29/07/2024
🥋Modern History of Taekwondo
In 1910 Japan invades Korea without resistance of the latter to meet the fabulous power of Nippon. The invaders prohibit the practice of any non-Japanese cultural and sporting manifestation and only allow Korean police to practice Karate (Japanese) as a martial art to help maintain order.
A Korean soldier named Choi Hong Hee was in Japan sentenced to death for rebellion against the invasion, when atomic bombs that fell on this country as World War II ended, saved his life and allowed him to return to Korea with honors.
General Choi
Thus, he tried to combine the best of different arts, even the Karate he practiced, coming ten years after the end of the war, in 1955, to create an art called TAEKWONDO. Tae= foot; Kwon= fist; Do= path, i.e. the path of the feet and fists.
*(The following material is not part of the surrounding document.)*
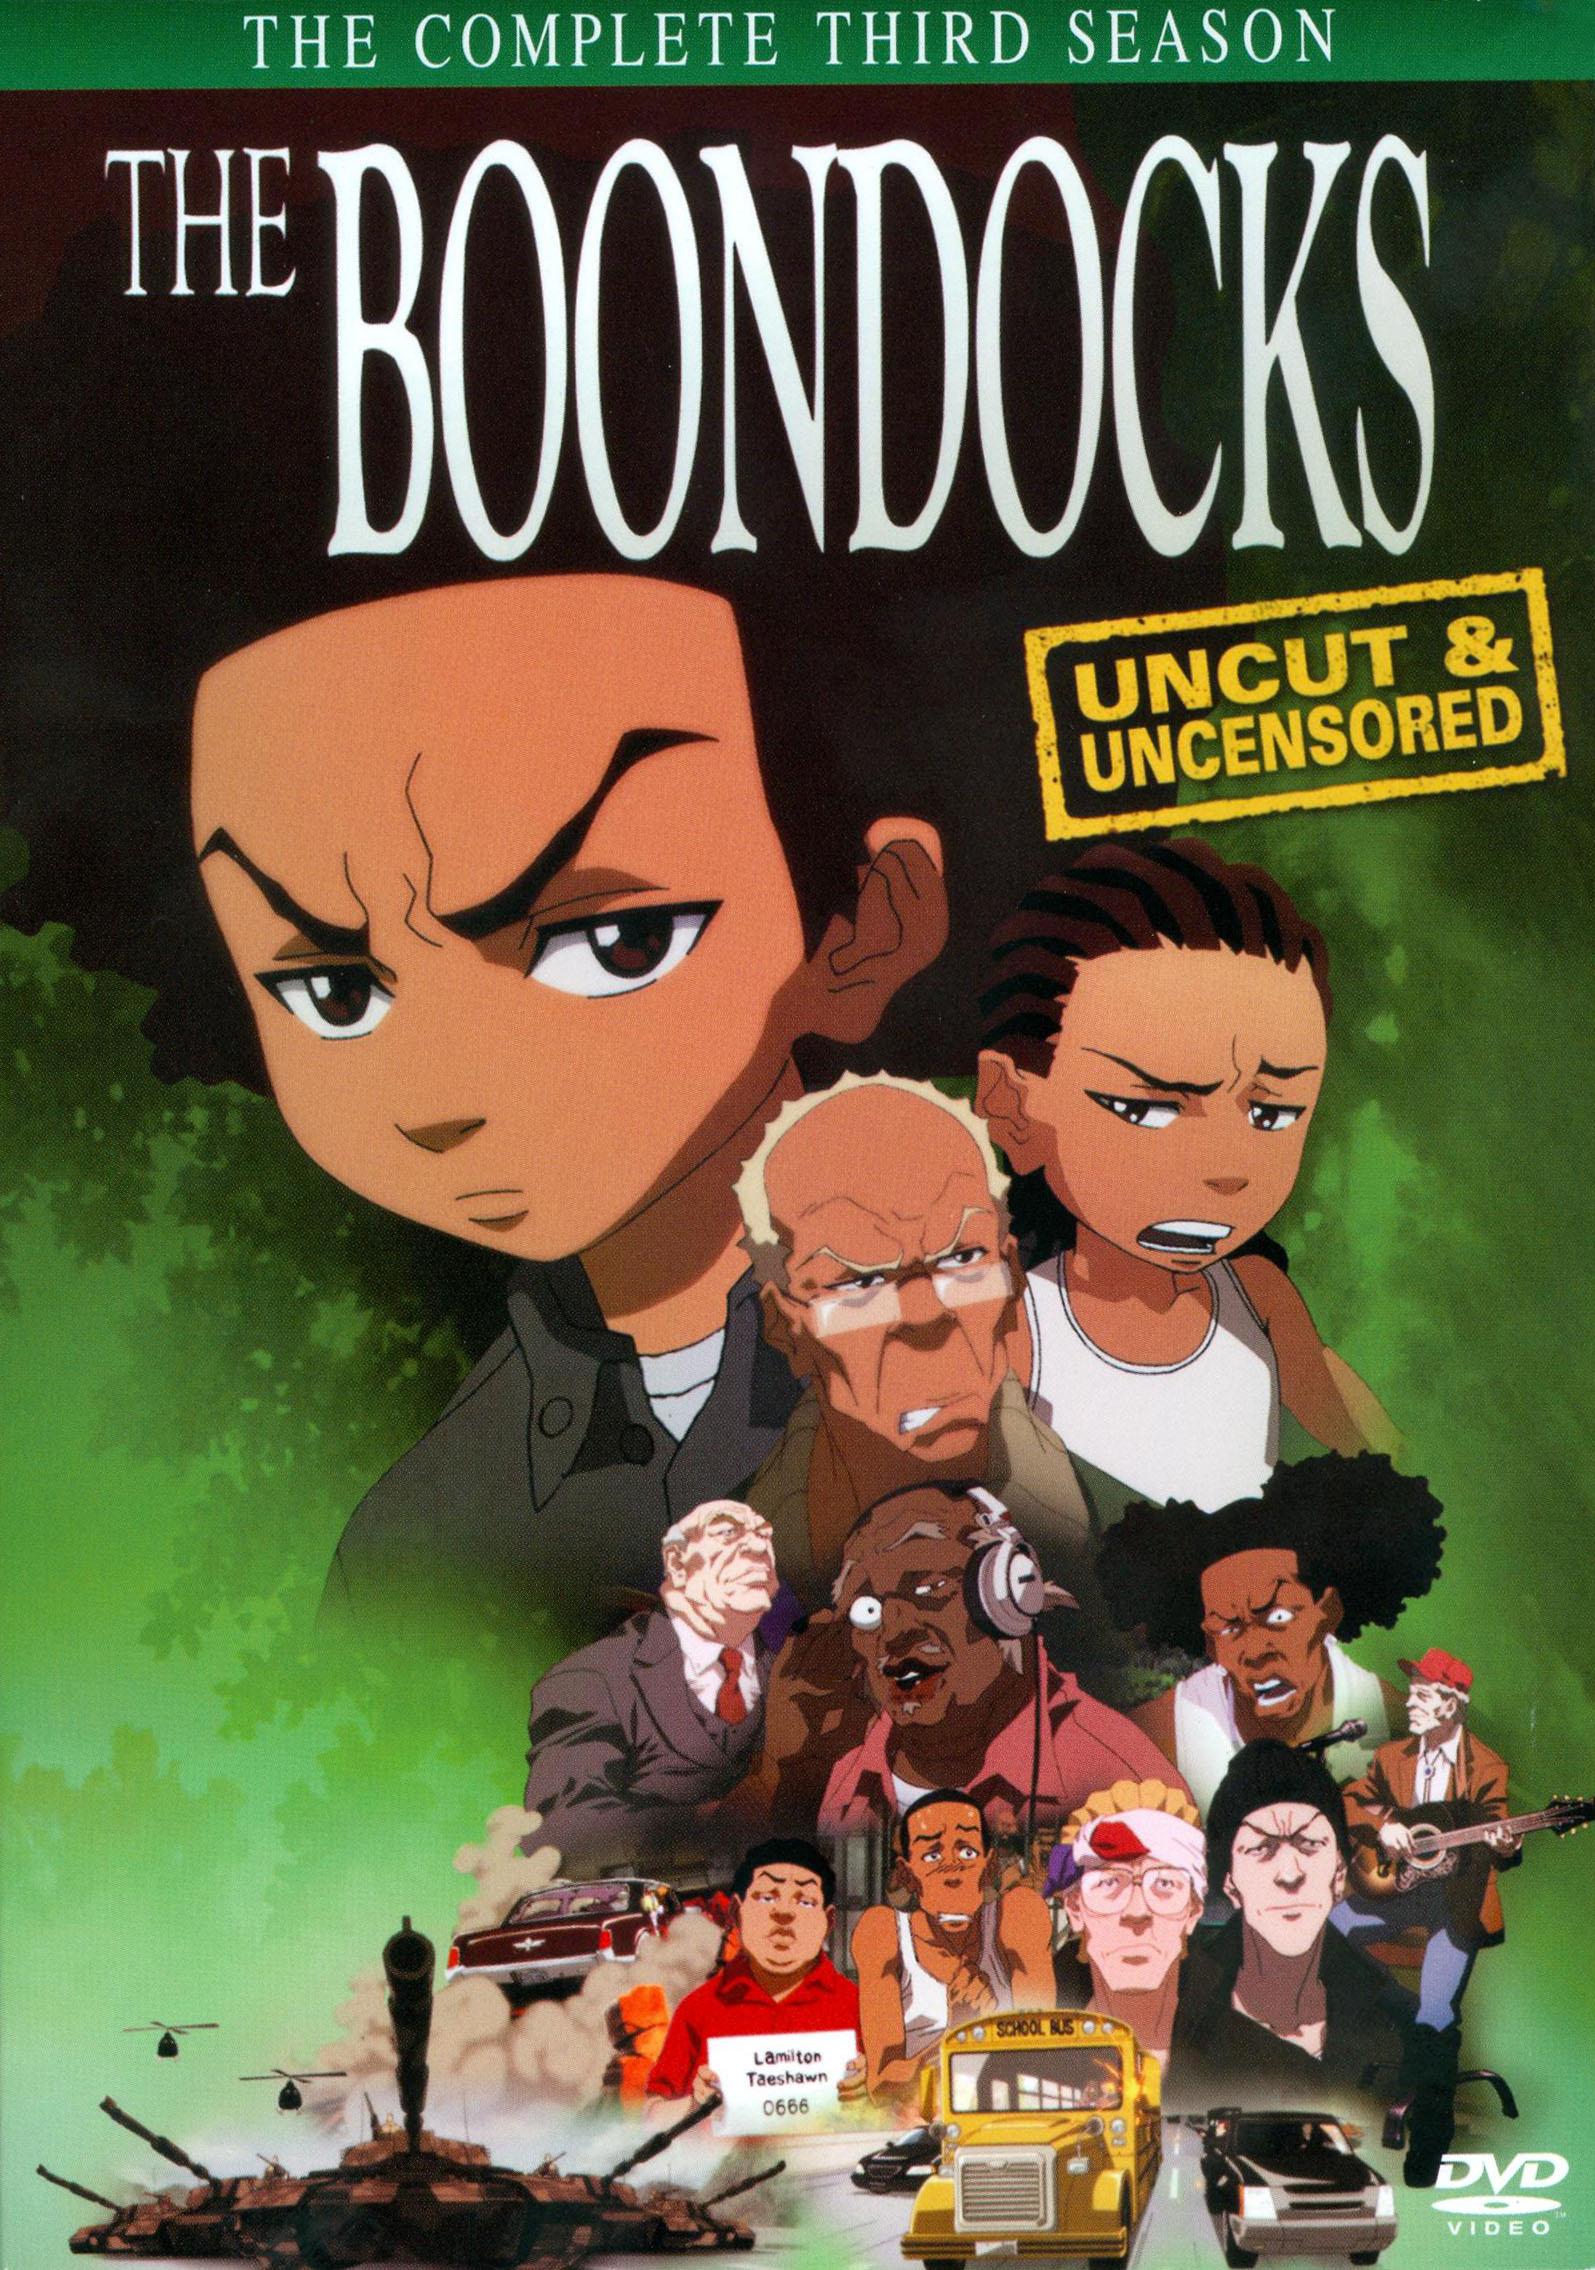 The Boondocks: The Complete Third Season [3 Discs] (dvd) 1380679

Turned into a general, his approach to North Korea was not well seen by the South Korean military, accusing him of being a communist and of trying to make a revolution in favor of the latter.
Turned into a general, his approach to North Korea was not well seen by the South Korean military, accusing him of being a communist and of trying to make a revolution in favor of the latter.
So it was that in his capacity as President of the Korean Taekwondo Association he founded the I.T.F. (International Taekwondo Federation) in 1996 and had to go to Canada to avoid being convicted for subversive.
Korean authorities claiming that this art was the property of an entire country and not of a single person or organization, created in 1970 the W.T.F. (World Taekwondo Federation or World Taekwondo Federation) based in Seoul.